Klopp, Liverpool's affable manager, responded to the letter.

[Read: Jurgen Klopp's Authentic, Infectious Aura and Ultimate Mission]

"Unfortunately, on this occasion, I cannot grant your request, not through choice anyway," Klopp wrote. "As much as you want Liverpool to lose it is my job to do everything that I can to help Liverpool to win as there are millions of people around the world who want that to happen, so I really do not want to let them down.

"Luckily for you, we have lost games in the past and we will lose games in the future because that is football. The problem is when you are 10 years old you think that things will always be as they are now but if there is one thing I can tell you as 52 years old it is that this most definitely isn't the case."

Klopp called the letter "cheeky" during a press conference Friday and said that, though he doesn't have time to respond to every letter he gets, he had some time for Curley's letter.

"I like working for Liverpool and I like the rivalry we have," he said. "But I love even more if we can keep that (rivalry) on the pitch. But apart from that they can be happy and we should be happy and I hope Daragh is now happy—he looked like it on the picture I saw later, so good."

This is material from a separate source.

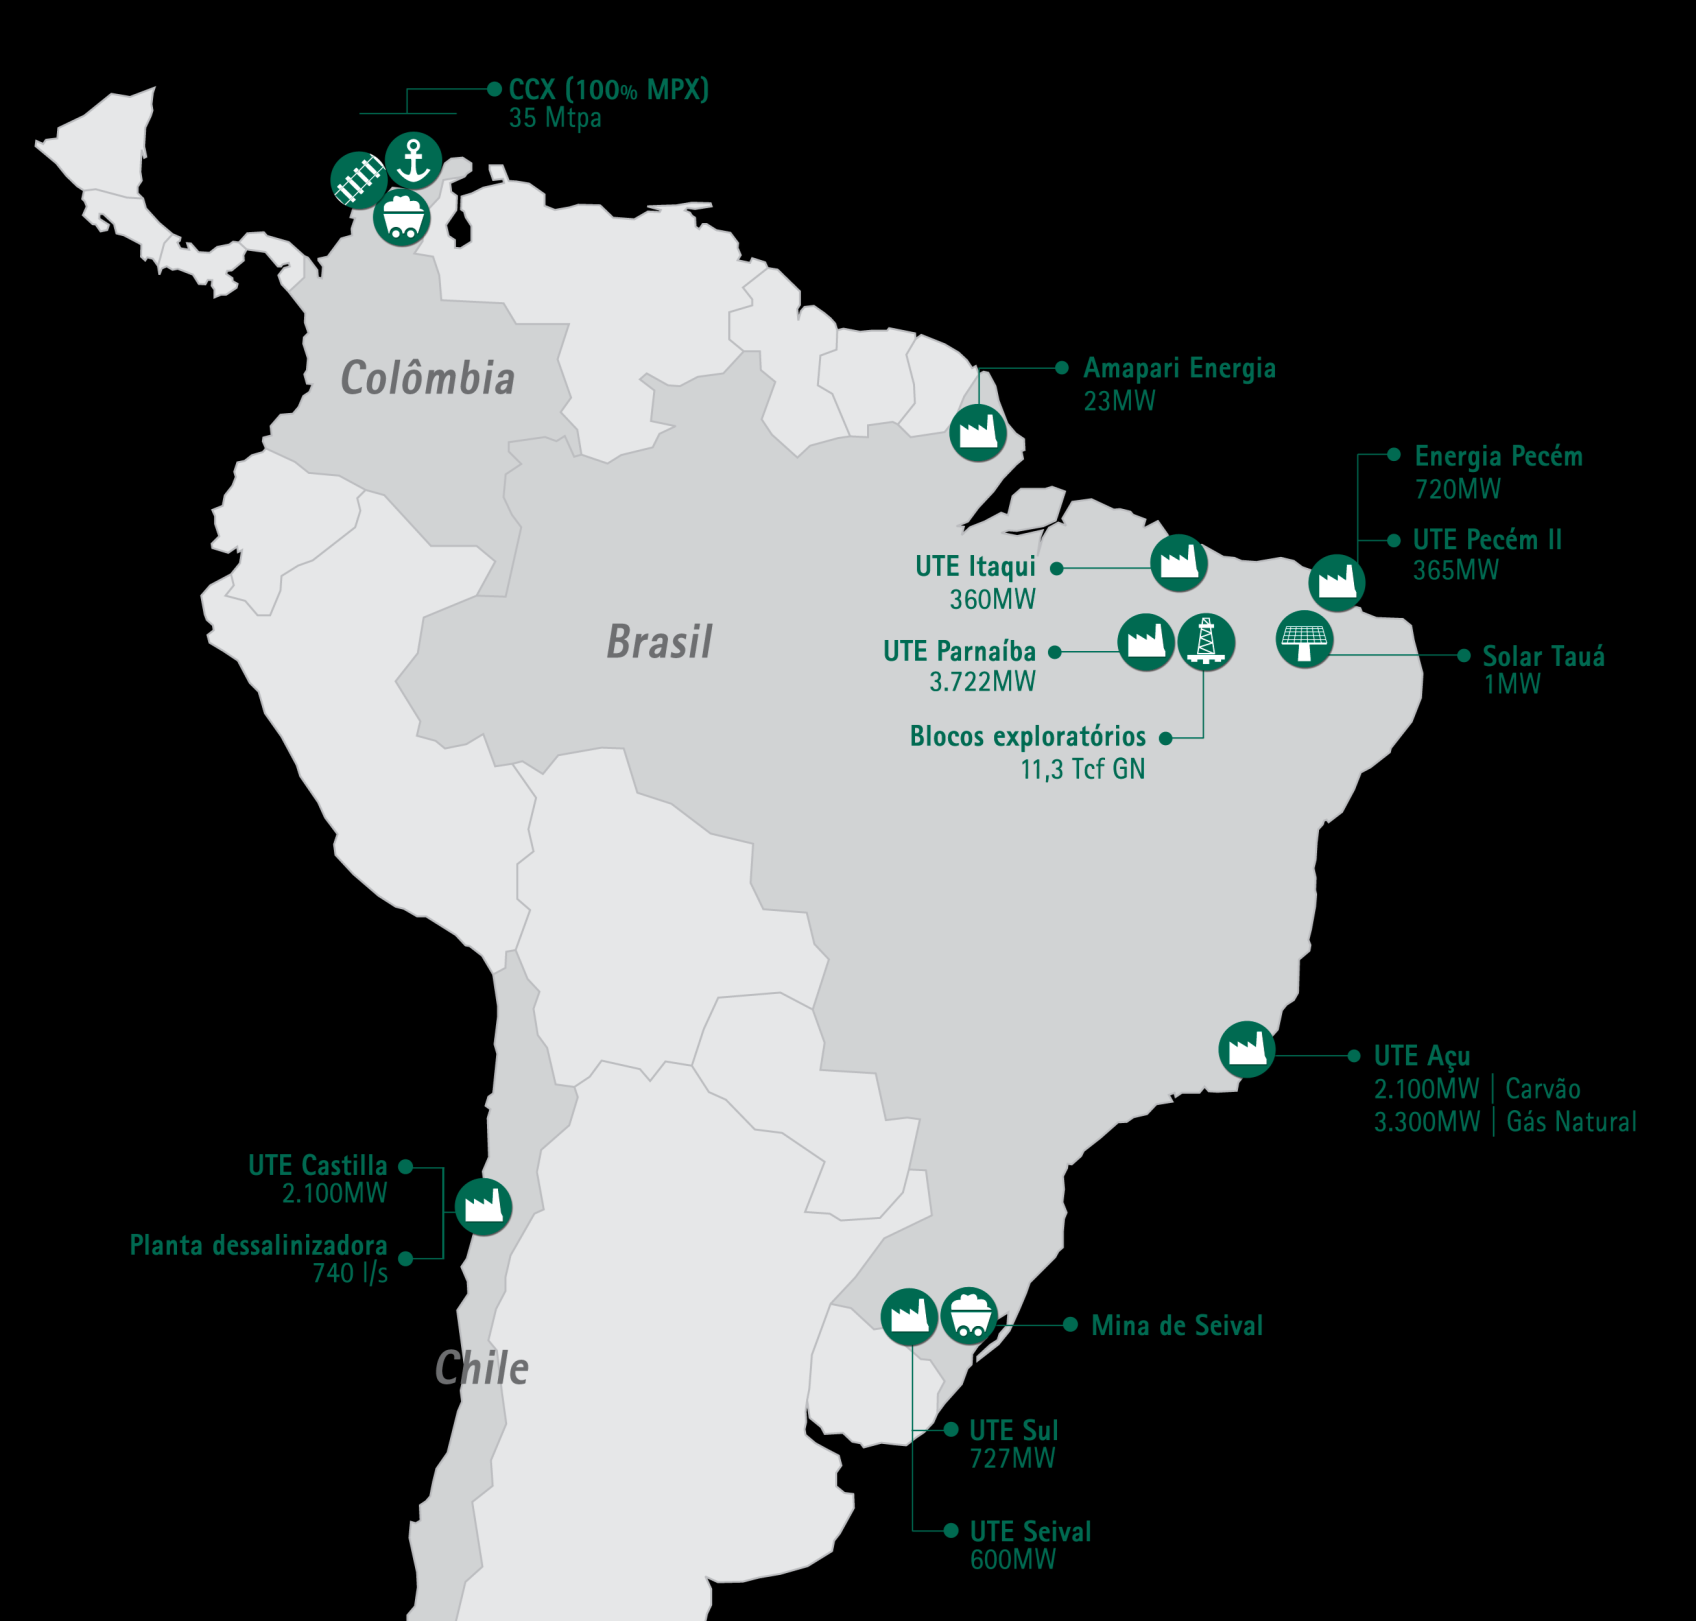 Portfólio de empreendimentos da MPX MPX: uma empresa de energia diversificada e com o maior portfólio de empreendimentos integrados da América do Sul Geração 3 GW com contratos assegurados

The letter certainly won the respect of Daragh's parents. His dad told the BBC that Klopp was "an awful, awful decent individual."

"It's grating that Liverpool are doing so well, but behind it all you have to respect Klopp and what he's done," the elder Curley said. "He came across as a nice guy all along, I suppose this letter really confirms to me that he is a decent, decent guy."

Even so, Daragh's dad is doing all he can to ensure Klopp's good graces in the Curley household don't impede on their Manchester United fandom.

"There's reinforcement techniques ongoing just to ensure that there's no swaying from the Man United mandate," he told the BBC.